Things to still be worked out.
 
1. How to remove a country from blocking that was added using this method.
(I assume it's some variation of the command used to add a country)

DONE - added to original post above.
2. Instructions for updating the Country-IP Range file.
3. What files need to be protected, or will be broken if there is ever an ISPConfig or debian system update.

Any suggestions, tips or improvements, are welcomed.
Also please check the HOWTO: Spam control for POSTFIX

linus3x 13th November 2010 01:29

It looks great, drewb0y!

Did you run into any conflicts between the ISPConfig 3 firewall and this Geo mod, specifically in the iptables?

biggdog 13th November 2010 03:09

1 Attachment(s)
Thanks for the info.
I would like to know how to implement this into the exsisting iptables or through ispconfig3.

I did this and once I rebooted I do not see it after an iptables -L
"iptables -N GEOIP_REJECT
iptables -I GEOIP_REJECT -m geoip --src-cc UA -j REJECT
iptables -A INPUT -j GEOIP_REJECT"

I am not a complete nube but I am looking for some help if possible.

The file I have "country codes setup is taken from your little example. I left out 4 countries.
7267 ranges for CA Canada
12102 ranges for DE Germany
13028 ranges for GB United Kingdom
19724 ranges for US United States
Germany is because I talk to astaro
The UK is for some downloads I think.

If this helps anyone please feel free to use it.
Also should we add an "ACCEPT" for those we want.

drewb0y 13th November 2010 13:49

Quote:

Originally Posted by linus3x (Post 244276)
It looks great, drewb0y!

Did you run into any conflicts between the ISPConfig 3 firewall and this Geo mod, specifically in the iptables?

No conflicts that I have seen yet. And if I do an iptables -L it shows me a nice list of all the countries I am blocking, and the fail2ban blocks as well.

drewb0y 13th November 2010 14:16

Quote:

Originally Posted by biggdog (Post 244279)
Thanks for the info.
I would like to know how to implement this into the exsisting iptables or through ispconfig3.

I did this and once I rebooted I do not see it after an iptables -L
"iptables -N GEOIP_REJECT
iptables -I GEOIP_REJECT -m geoip --src-cc UA -j REJECT
iptables -A INPUT -j GEOIP_REJECT"

I am not a complete nube but I am looking for some help if possible.

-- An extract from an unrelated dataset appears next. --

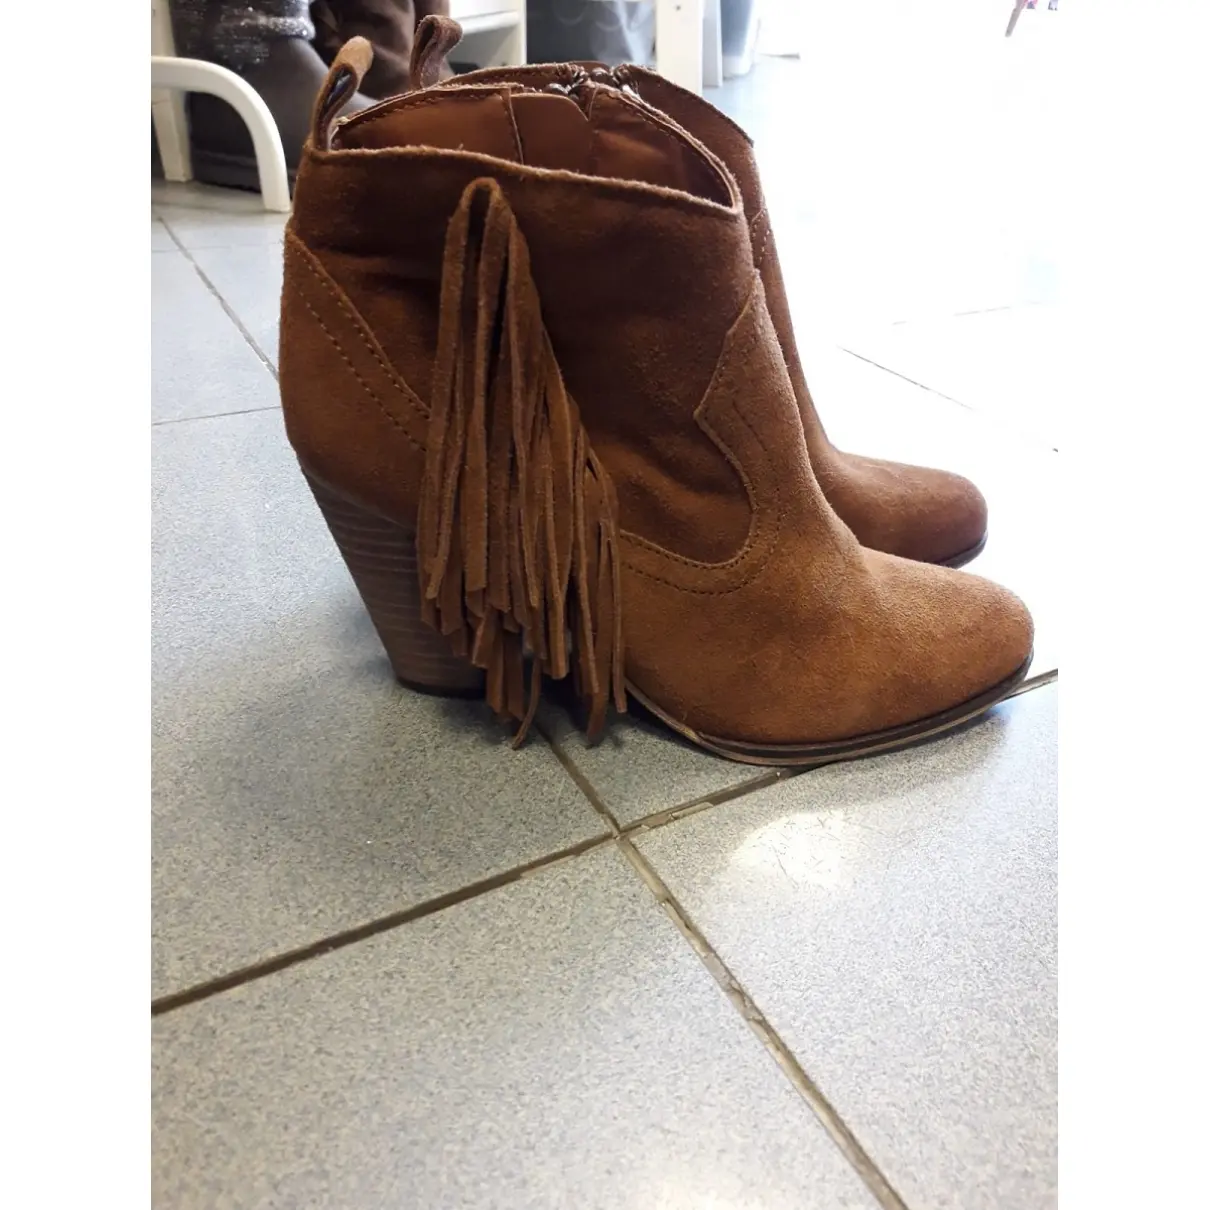 Steve Madden Western boots for sale

The file I have "country codes setup is taken from your little example. I left out 4 countries.
7267 ranges for CA Canada
12102 ranges for DE Germany
13028 ranges for GB United Kingdom
19724 ranges for US United States
Germany is because I talk to astaro
The UK is for some downloads I think.

If this helps anyone please feel free to use it.
Also should we add an "ACCEPT" for those we want.

I did not actually use a file of the countries to enter them, they were just listed above as a reference. So I would enter each individually with a separate command.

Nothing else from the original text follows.